Po dwóch dniach od przybycia Karola do Doliny Wiśni obaj chłopcy udają się do karczmy Jossiego, którego nazywano Złotym Kogutem. Następnie przychodzą też do Zagrody Tulipanów, by odwiedzić Sofię, która opiekowała się białymi gołębiami. Podczas rozmowy z nią Jonatan dowiaduje się, że kraina, w której się znaleźli, nie jest do końca taka bajeczna i radosna, gdyż od dłuższego czasu uwikłana jest w podziemną walkę z Tengilem – tyranem, który zajmował Dolinę Dzikich Róż. W jego szeregach najprawdopodobniej działa jakiś szpieg, który donosi o poczynaniach w obozie przeciwników i morduje gołębie.
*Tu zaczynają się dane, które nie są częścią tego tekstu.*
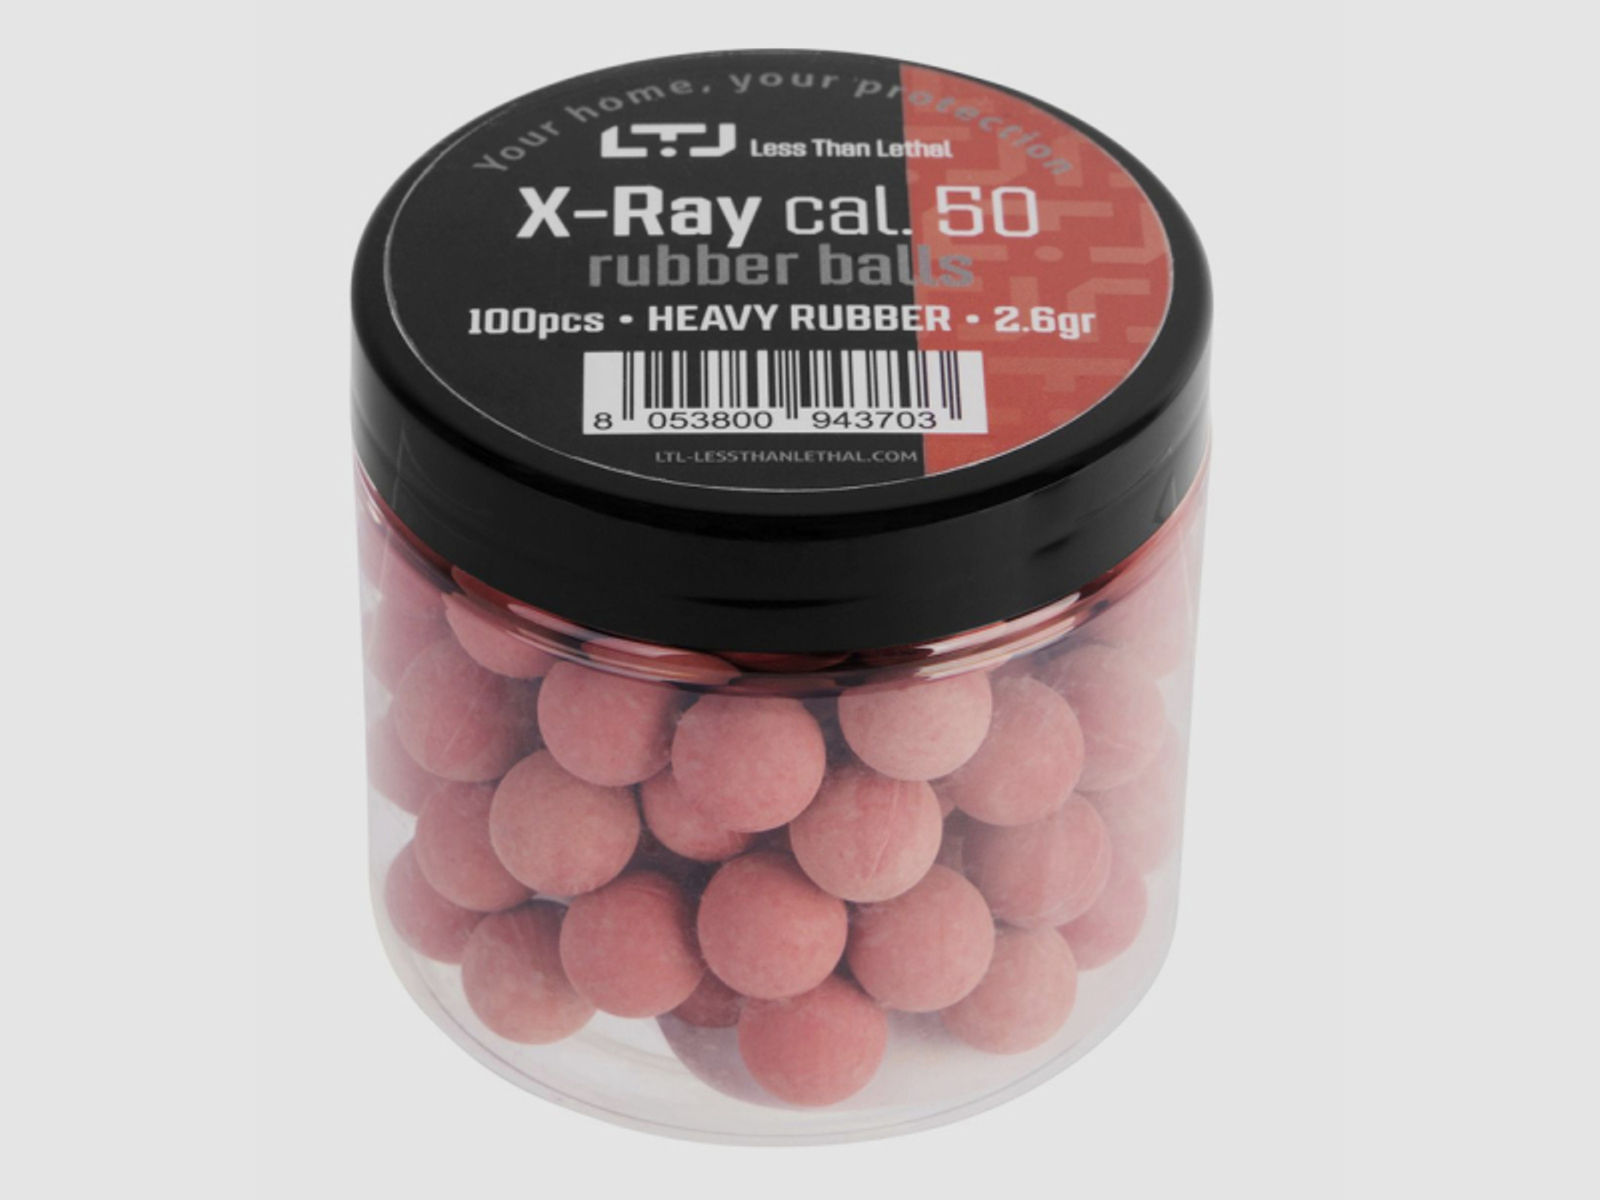 100er Dose LTL X-RaY Heavy Rubber Balls CAL. 50 Gummikugeln less then lethal Munition Home Defence !

Jonatan postanawia zaangażować się w walkę i samotnie udaje się do Doliny Dzikich Róż. W obozie wroga przetrzymywany jest Orwar. Karol – przekonany, że szpiegiem jest łucznik Hubert – postanawia pójść za bratem. Niespodziewanie jednak podczas pierwszego noclegu atakują ich wilki, a ratunek niesie im właśnie nie kto inny jak Hubert.
Karol przebywając teraz w grocie, słyszy rozmowę jednego z żołnierzy Tengila z karczmarzem Jossim. Dowiaduje się więc, kto jest prawdziwym zdrajcą. Przypadkowo również chłopiec podczas ucieczki przed ludźmi Tengila, trafia do domu staruszka Mateusza. Jak się okazuje tutaj ukrywa się również Jonatan. Mateusz natomiast jako przywódca dowodzi walecznymi oddziałami podziemia. Dzięki niemu bracia uczą się zwodzić strażników Tengila, aż do wypuszczenia się w dalszą drogę. Po opuszczeniu domu Mateusza Jonatan opowiada młodszemu bratu o straszliwej smoczycy Katli, która poddawała się jedynie Tengilowi. To w jej grocie przetrzymywano właśnie Orwara.
W końcu bracia uwalniają wodza Orwara i odwożą go do Mateusza, u którego cały oddział zbiera swe siły i przygotowuje się do ostatecznego starcia.
W ostatniej bitwie śmierć ponosi niestety wielu mieszkańców Nangijali. Jonatan jednak przejmuje róg Tengila i za jego pomocą tak kieruje smoczycą, by ta powaliła ostatecznie tyrana. Bitwa kończy się zwycięstwem partyzantów. Katla wpada do rzeki i zostaje pobita przez przeciwnika. Zatrute płomienie, jakie z siebie wypuszcza, paraliżują jednak ciało Jonatana. Chłopiec powoli umiera, wcześniej zapowiadając Karolowi, że udaje się właśnie teraz do zaczarowanej krainy Nangilimy. Karol pragnie udać się tam razem z nim, więc obaj decydują się skoczyć w przepaść.